[논문 조사] Video generation에서 Depth 사용하는 논문 조사

2023-08-21 3 분 소요

1. [ICLR 2023] PV3D: A 3D Generative Model for Portrait Video Generation

https://arxiv.org/pdf/2212.06384

직접적인 depth를 사용하진 않지만, 2D model을 사용하여, 3D 구현
- contribution
  1. To our best knowledge, PV3D is the first method that is capable to generate a large variety of 3D-aware portrait videos with high-quality appearance, motions, and geometry.
  2. We propose a novel temporal tri-plane based video generation framework that can synthesize 3D-aware portrait videos by learning from 2D videos only.
  3. We propose a novel temporal tri-plane based video generation framework that can synthesize 3D-aware portrait videos by learning from 2D videos only.

2. [CVPR 2022] Depth-Aware Generative Adversarial Network for Talking Head Video Generation

Paper: Depth-Aware Generative Adversarial Network for Talking Head Video Generation

Depth 사용 방식
- depth maps을 기반으로 sparse facial keypoints를 찾아 사람 얼굴의 특징적인 움직임을 포착한다.
- “Based on the learned dense depth maps, we further propose to leverage them to estimate sparse facial keypoints that capture the critical movement of the human head.”
- depth는 3D-aware cross-modal attention에서 모션을 학습하는데 사용된다.
  - In a more dense way, the depth is also utilized to learn 3D-aware cross-modal (i.e. appearance and depth) attention to guide the generation of motion fields for warping source image representations.
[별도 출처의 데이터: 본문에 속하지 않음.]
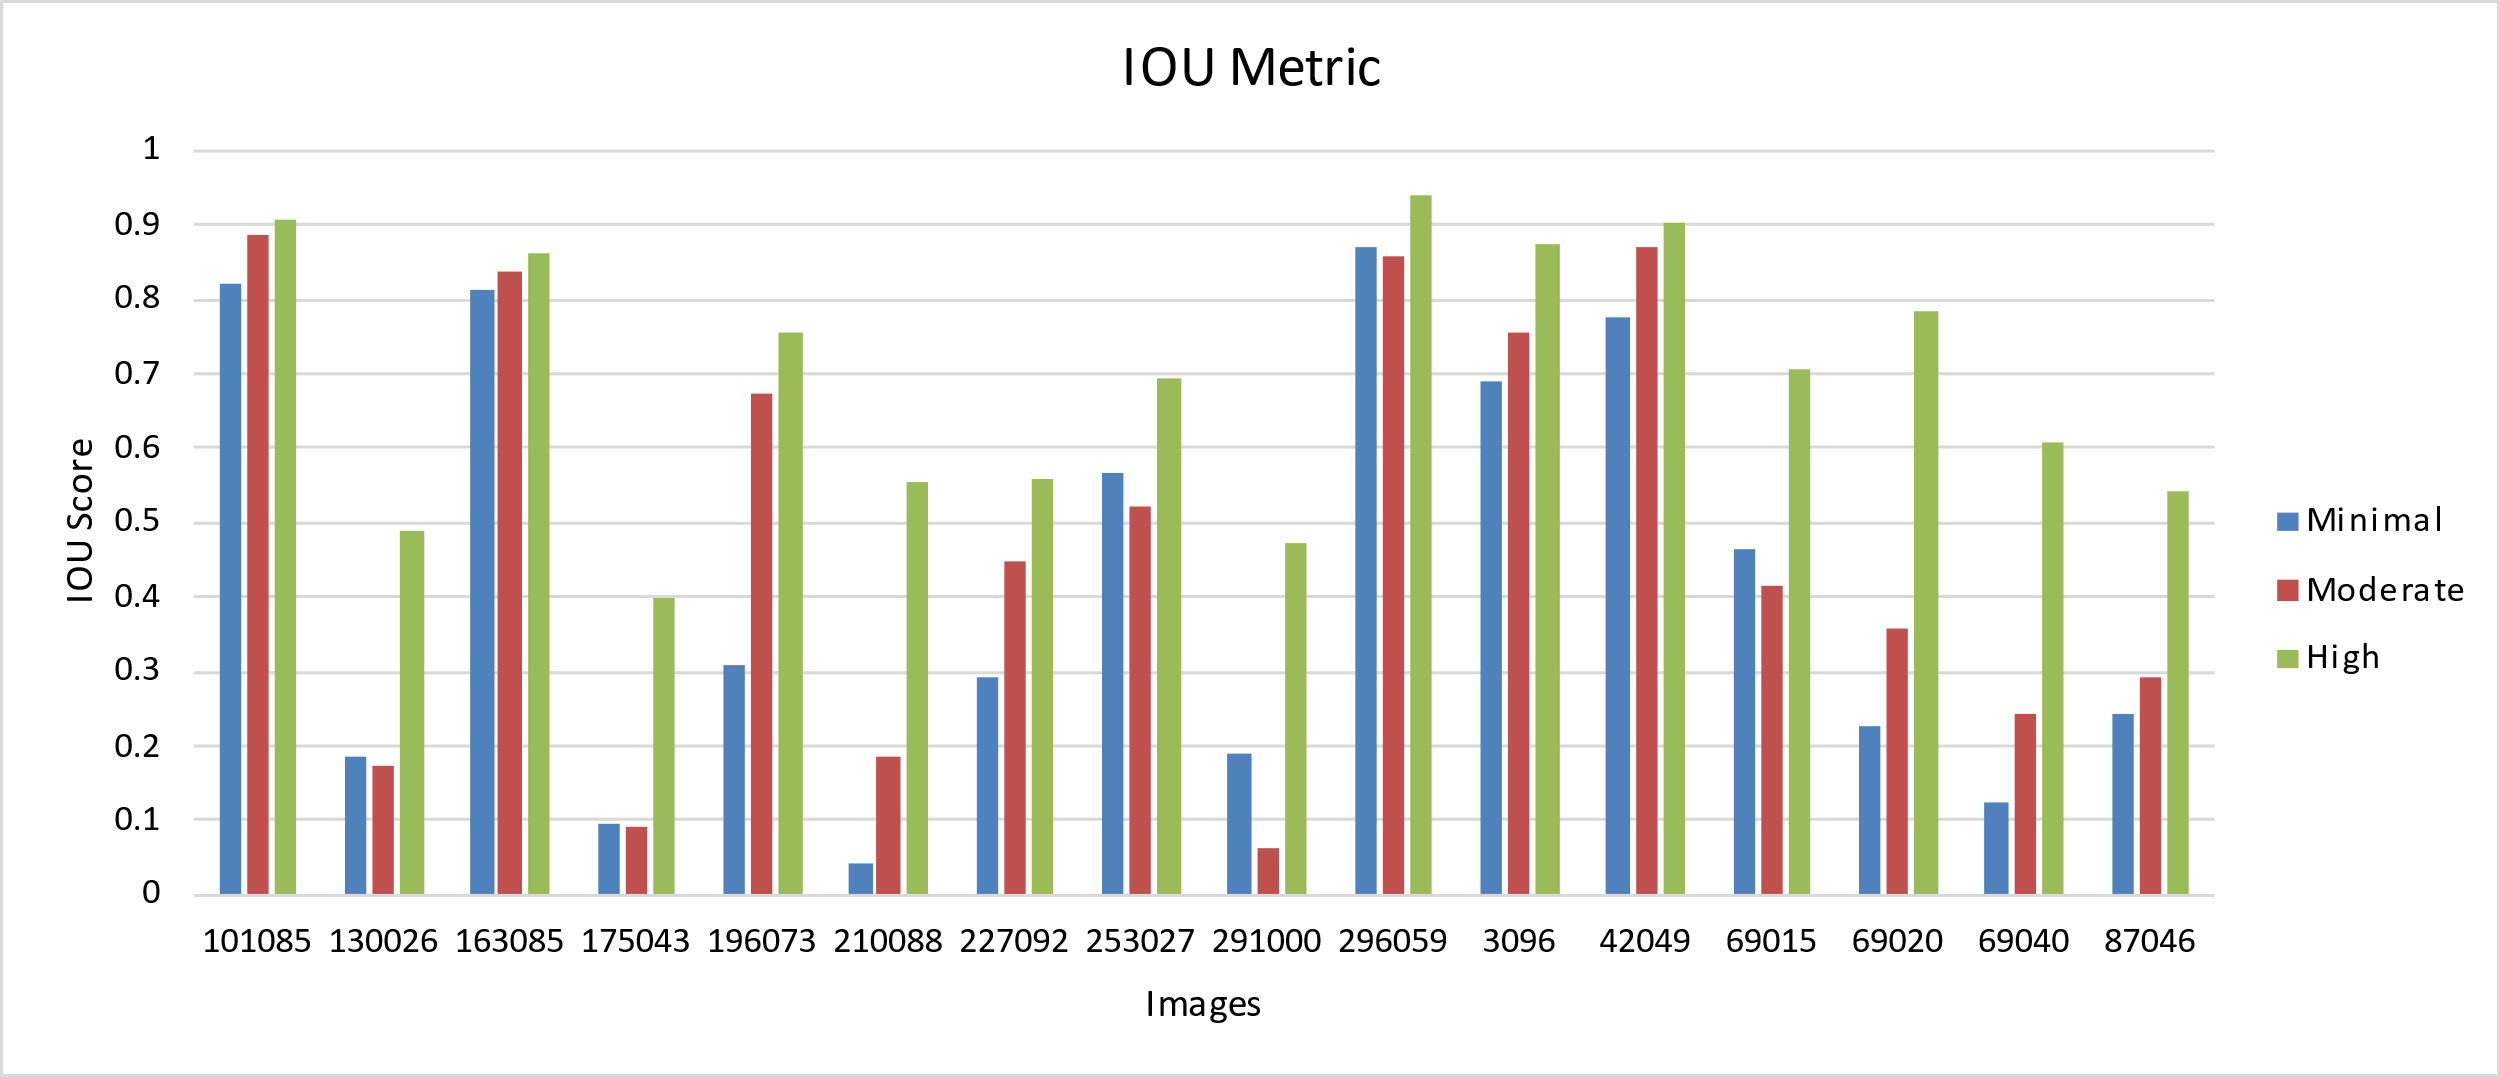 Figure 3: IoU Scores of the Max-flow Min-cut Graph Based Image Segmentation for various images from the Berkeley Image Segmentation dataset.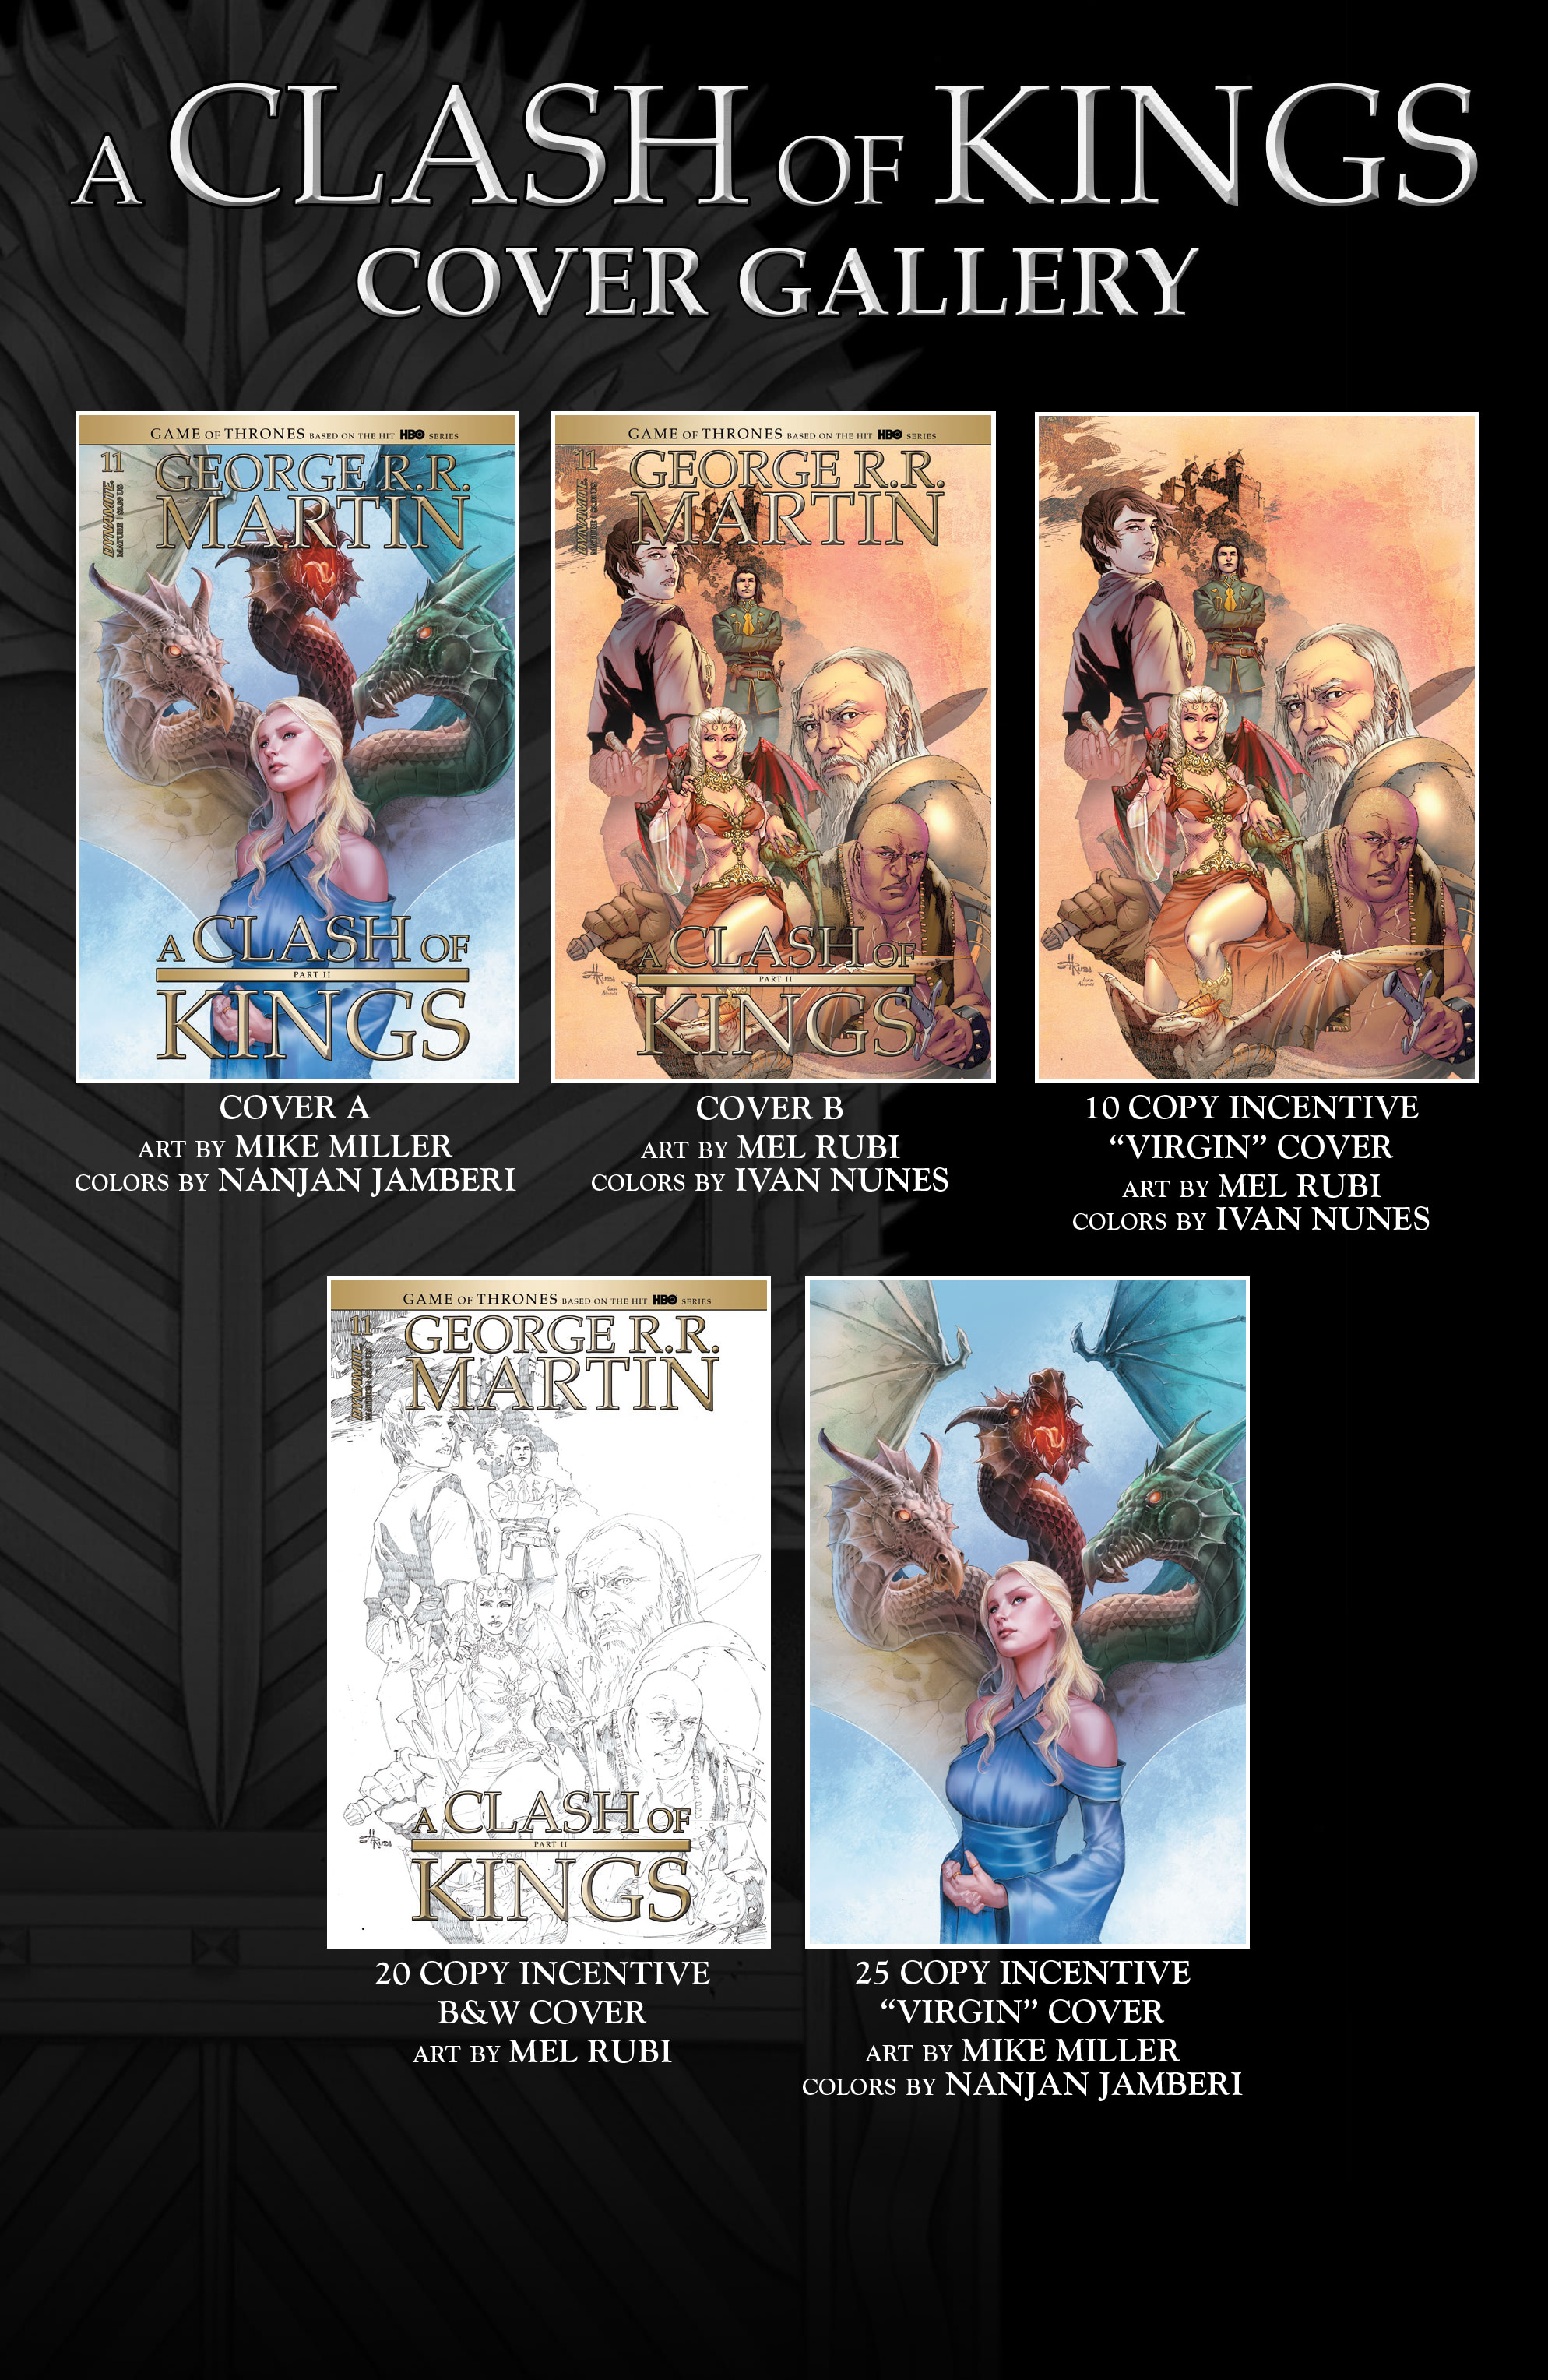 GEORGE R.R. MARTIN'S A CLASH OF KINGS (VOL. 2) #11 Preview

3. DaGAN++: Depth-Aware Generative Adversarial Network for Talking Head Video Generation

https://arxiv.org/pdf/2305.06225

Depth-Aware Generative Adversarial Network for Talking Head Video Generation 논문의 후속 연구이다.
- we develop a 3D-aware cross-modal (i.e., appearance and depth) attention mechanism, which can be applied to each generation layer, to capture facial geometries in a coarse-to-fine manner.

4. GD-VDM: Generated Depth for better Diffusion-based Video Generation

https://arxiv.org/pdf/2306.11173

GD-VDM is based on a two-phase generation process involving generating depth videos followed by a novel diffusion Vid2Vid model that generates a coherent real-world video.
- ⇒ depth video를 생성하고, 생성된 depth video를 기반으로 일관된 비디오를 생성한다.

5. Pix2video: Video editing using image diffusion

https://arxiv.org/pdf/2303.12688

depth-conditioned Stable Diffusion 모델을 사용하였다.

Structure-guided Video Generation

6, 7, 8, 9번 논문들은 공통적으로 Structure-guided Video Generation 분야에 속한다.
- depth estimate하는데에 모두 Midas depth estimation model을 사용
- 또한 생성 모델로 diffusion model을 사용

6. Structure and content-guided video synthesis with diffusion models

https://arxiv.org/pdf/2302.03011

비디오 editing 분야이지만, 인용이 많이 된 듯 하여 가져왔다.
user-provided content와 structure representations의 충돌을 해결하기 위해 depth estimation을 도입하였다.
- Training (depth 부분만 설명)
  1. Midas depth estimation model을 통해 depth maps를 얻는다.
  2. depth maps를 인코딩하여 structure representation s를 추출한다. s를 이용해서 reverse process를 학습한다.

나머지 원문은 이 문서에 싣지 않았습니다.